The Differences Between Cross Margin and Isolated Margin

Feature Cross Margin Isolated Margin
Definition Use the entire balance in your margin account as collateral for all positions.
Pros
  • Reduces the likelihood of liquidation by utilizing the entire balance.
  • Useful for maintaining multiple positions simultaneously and optimizing margin.
  • Better control over risk with losses limited to the isolated margin amount.
  • Ideal for managing risk on a position-by-position basis.
Cons
  • If the account balance declines significantly, all positions may face liquidation.
  • Entire balance is at risk.
May face liquidation sooner if the market moves against you, as only the allocated funds cover losses.
Example:
Let’s say you have a Binance Futures account with a total balance of $5,000. You decide to open two positions:
  • Cross Margin You open a long position for Bitcoin worth $3,000 and a short position for Ethereum worth $2,000. In a cross margin setup, if Bitcoin drops and you incur a $1,500 loss, your account balance will now be $3,500. This balance covers both positions, reducing the risk of liquidation for either position.
  • Isolated Margin Now, if you choose isolated margin for the Bitcoin position and allocate $1,500 specifically for it. If Bitcoin drops and you incur a loss of $1,500, only that position is affected, and you may face liquidation if the losses hit the maintenance margin. However, your Ethereum position remains untouched, preserving its potential for profit.

Final Thoughts

The Binance Futures calculator is a valuable tool for estimating profits, losses, and liquidation prices in your futures trading. However, for a more comprehensive understanding of your trading costs, we recommend exploring the Binance and funding fee calculators.
These resources can help you calculate potential fees associated with your trades, including maker/taker fees and funding rates. This ensures you have a complete picture of your financial commitments when entering and exiting positions on the Binance Futures platform.

FAQs

How do you calculate profit in crypto trading?

You calculate the crypto profit by subtracting the selling price from the cost price of the cryptocurrency. That is one of the simplest ways to calculate your profit and loss.

Is crypto futures trading profitable?

Futures offer many benefits to crypto traders. This includes high leverage limits – often up to 200x. Futures also enable traders to go long or short, ensuring that profits can be made in both rising and falling markets.

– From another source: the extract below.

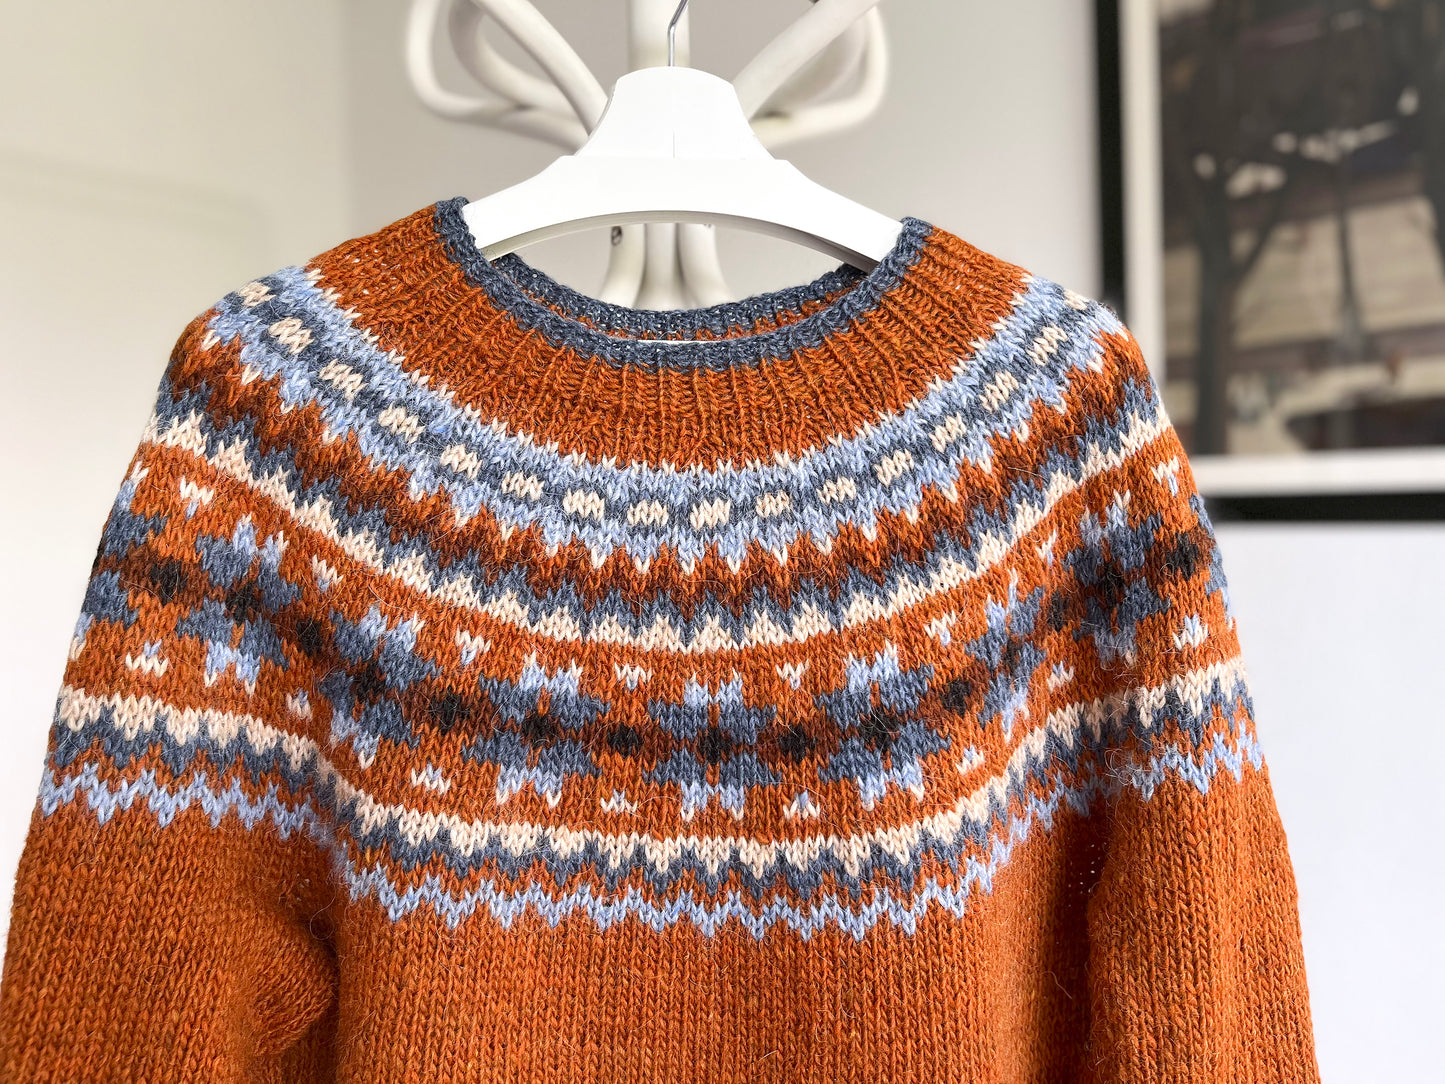 Details of Orange and blue Icelandic lopapeysa knitted sweater from Lettlopi pure Icelandic wool in Rósir design

How risky are crypto futures?

The most notable risk is volatility. While volatility can lead to significant gains, it can also result in substantial losses. Rapid price fluctuations in the market can trigger liquidation events, especially when leverage is involved, potentially wiping out a trader's entire capital.

What is the margin balance in Binance futures?

The margin balance is the balance of your Binance Futures account, including your unrealized PnL (Profit and Loss). So, your profits and losses will cause the margin balance value to change. If you're using Cross Margin mode, this balance will be shared across all your positions.

What is the profit margin on futures?

The profit margin on futures refers to the difference between the selling price of the futures contract and the initial cost or margin required to enter the position. It indicates the profitability of the trade and is typically expressed as a percentage of the total investment. In futures trading, the profit margin can be influenced by various factors, including market volatility, leverage used, and the size of the position.

Who pays margin in futures?

In futures trading, the trader or investor who opens a position is responsible for paying the margin. The margin is a percentage of the total value of the contract and acts as a security deposit to ensure that the trader can cover potential losses.
Both long and short positions require margins, and the amount needed varies depending on the broker and the specific futures contract being traded. Margin requirements can change based on market conditions and volatility.